Running a text classification job, we are going to fine-tune a BERT model on the MRPC dataset (one in all the tasks included within the GLUE benchmark). The MRPC dataset incorporates 5,800 sentence pairs extracted from news sources, with a label telling us whether the 2 sentences in each pair are semantically equivalent. We picked this dataset for its reasonable training time, and trying other GLUE tasks is only a parameter away.
Once the cluster is up and running, we are going to run a baseline job on a single server. Then, we are going to scale it to 2 servers and 4 servers and measure the speed-up.
Along the best way, we are going to cover the next topics:
- Listing the required infrastructure and software constructing blocks,
- Establishing our cluster,
- Installing dependencies,
- Running a single-node job,
- Running a distributed job.
Let’s get to work!
Using Intel servers
For best performance, we are going to use Intel servers based on the Ice Lake architecture, which supports hardware features equivalent to Intel AVX-512 and Intel Vector Neural Network Instructions (VNNI). These features speed up operations typically present in deep learning training and inference. You’ll be able to learn more about them on this presentation (PDF).
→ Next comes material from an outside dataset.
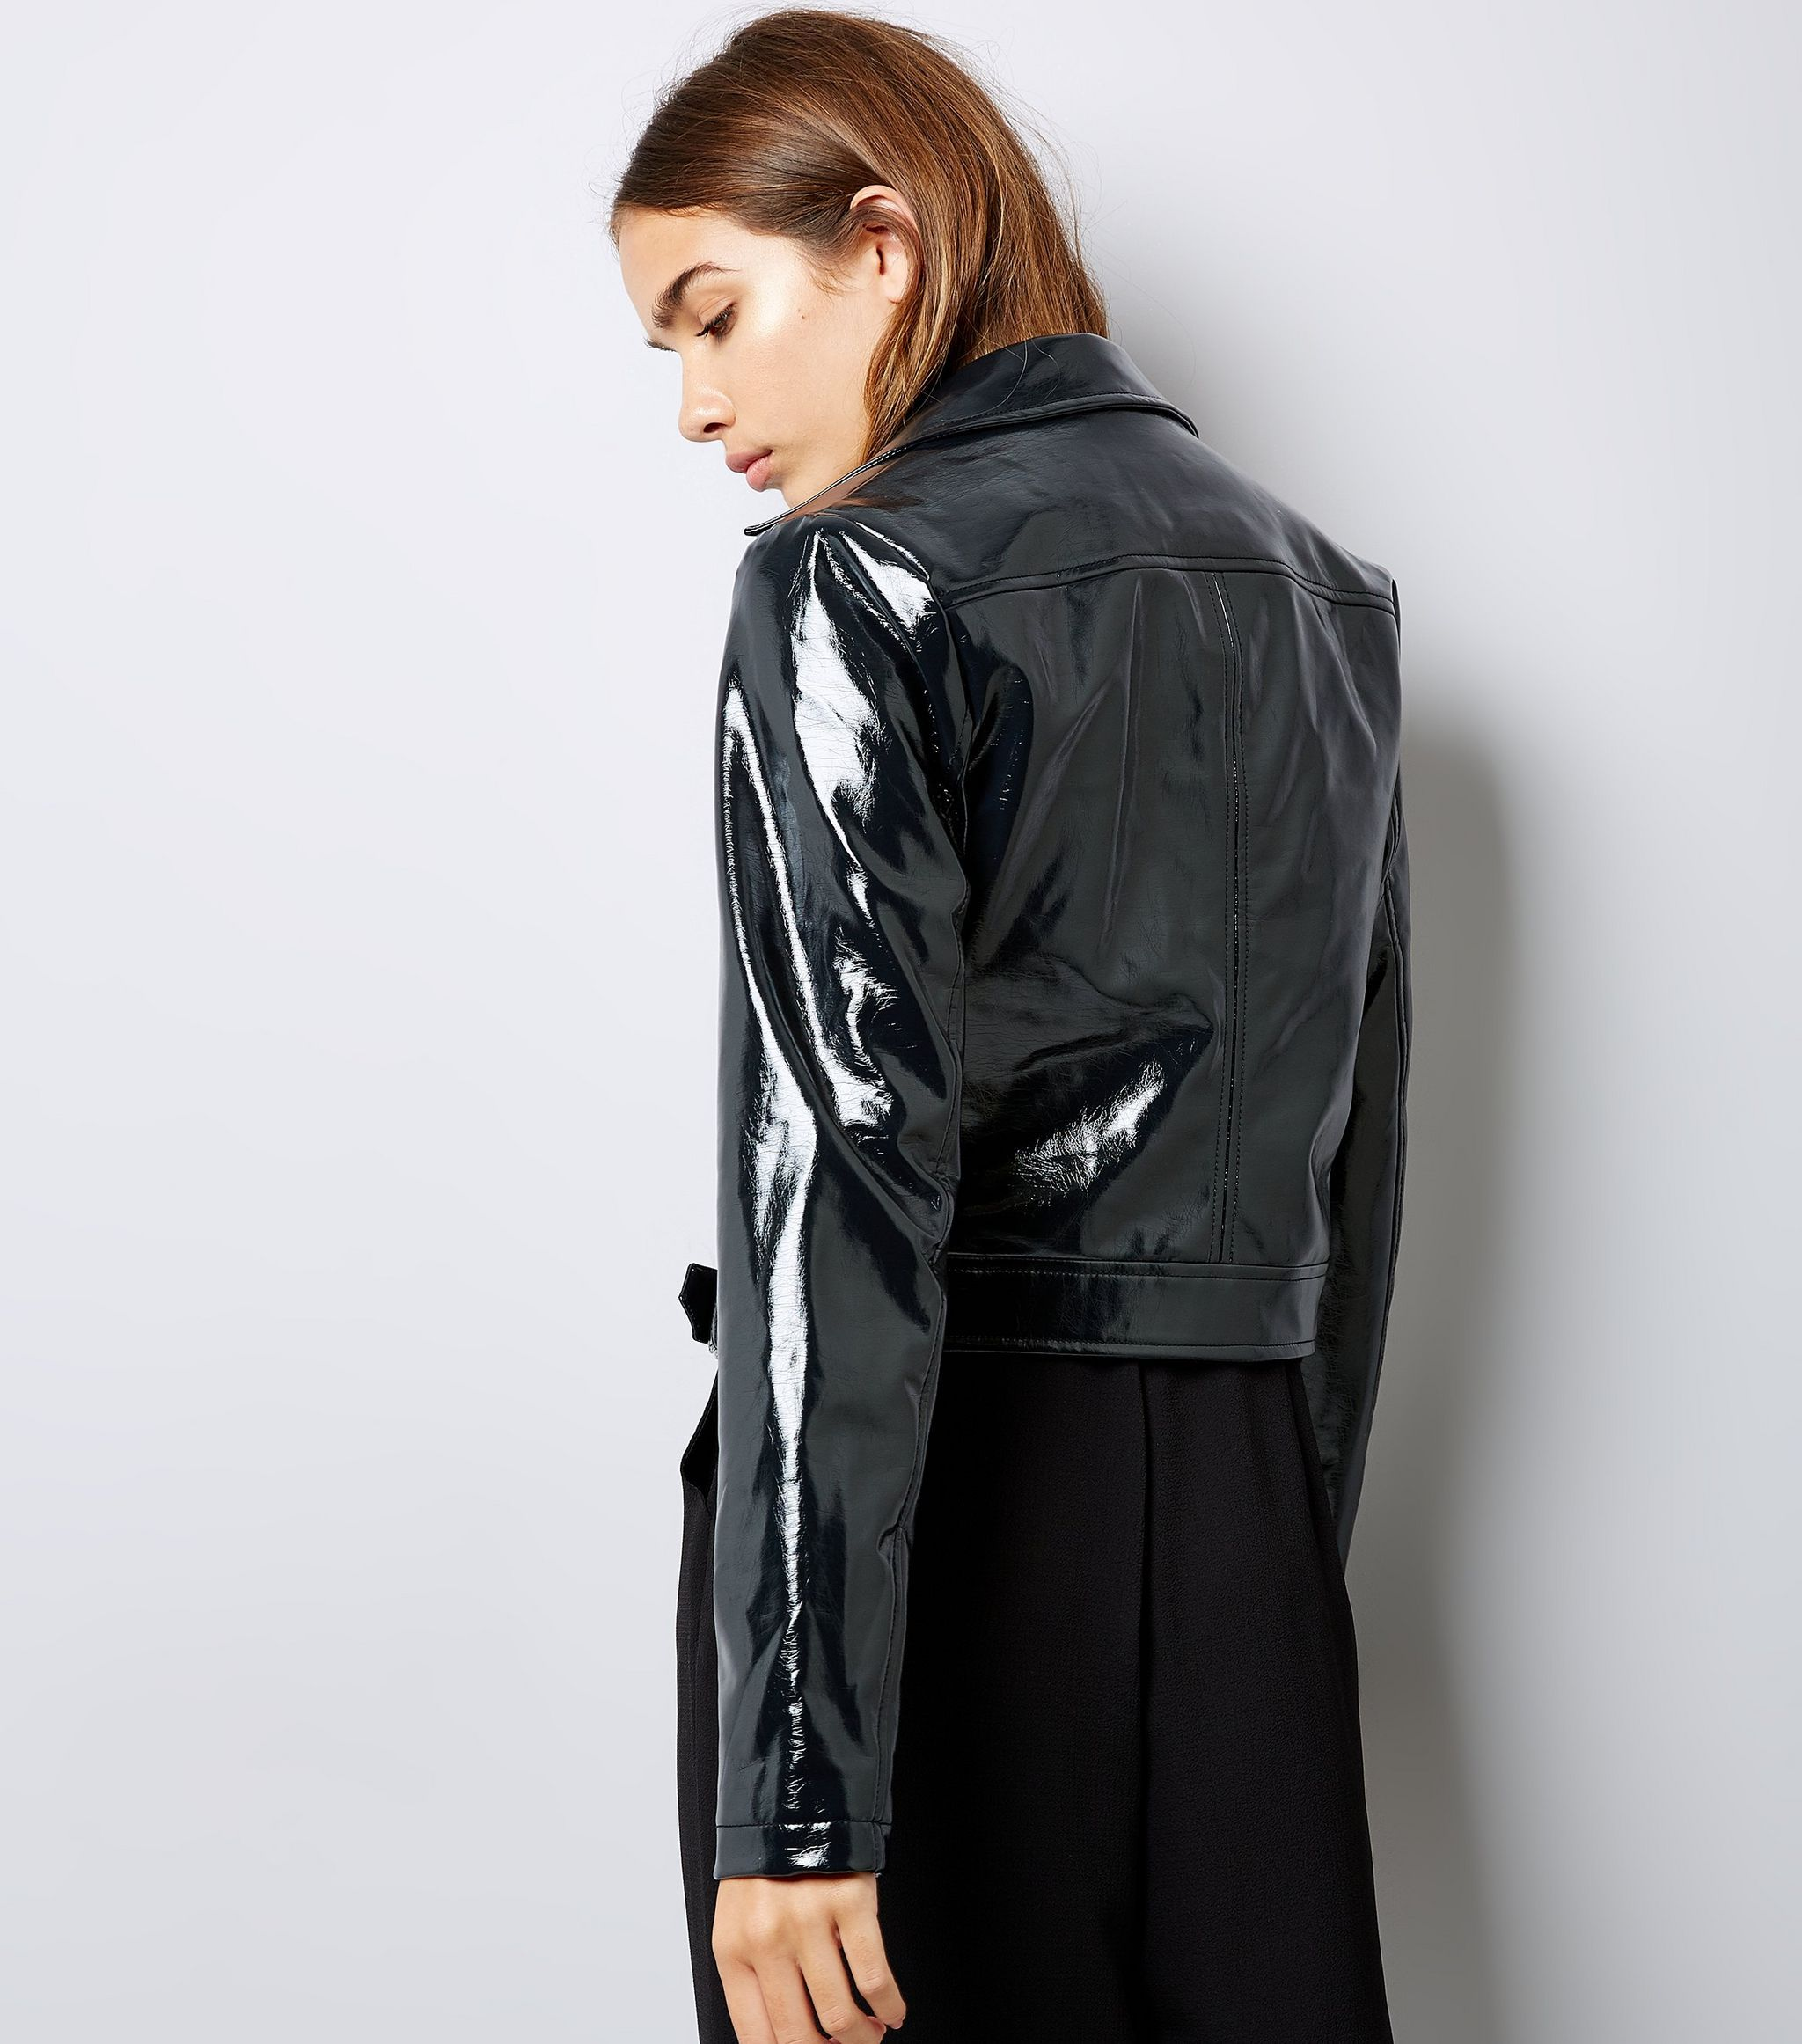 Black Patent Biker Jacket New Look Vinyl Clothing Pvc Outfits Fashion [ 2323 x 2048 Pixel ]

All three major cloud providers offer virtual machines powered by Intel Ice Lake CPUs:
In fact, it’s also possible to use your personal servers. In the event that they are based on the Cascade Lake architecture (Ice Lake’s predecessor), they’re good to go as Cascade Lake also includes AVX-512 and VNNI.
Using Intel performance libraries
To leverage AVX-512 and VNNI in PyTorch, Intel has designed the Intel extension for PyTorch. This software library provides out of the box speedup for training and inference, so we must always definitely install it.
In the case of distributed training, the important performance bottleneck is usually networking. Indeed, the several nodes within the cluster have to periodically exchange model state information to remain in sync. As transformers are large models with billions of parameters (sometimes rather more), the amount of data is important, and things only worsen because the variety of nodes increase. Thus, it is vital to make use of a communication library optimized for deep learning.
In reality, PyTorch includes the torch.distributed package, which supports different communication backends. Here, we’ll use the Intel oneAPI Collective Communications Library (oneCCL), an efficient implementation of communication patterns utilized in deep learning (all-reduce, etc.). You’ll be able to learn in regards to the performance of oneCCL versus other backends on this PyTorch blog post.
Now that we’re clear on constructing blocks, let’s talk in regards to the overall setup of our training cluster.
Establishing our cluster
On this demo, I’m using Amazon EC2 instances running Amazon Linux 2 (c6i.16xlarge, 64 vCPUs, 128GB RAM, 25Gbit/s networking). Setup will probably be different in other environments, but steps must be very similar.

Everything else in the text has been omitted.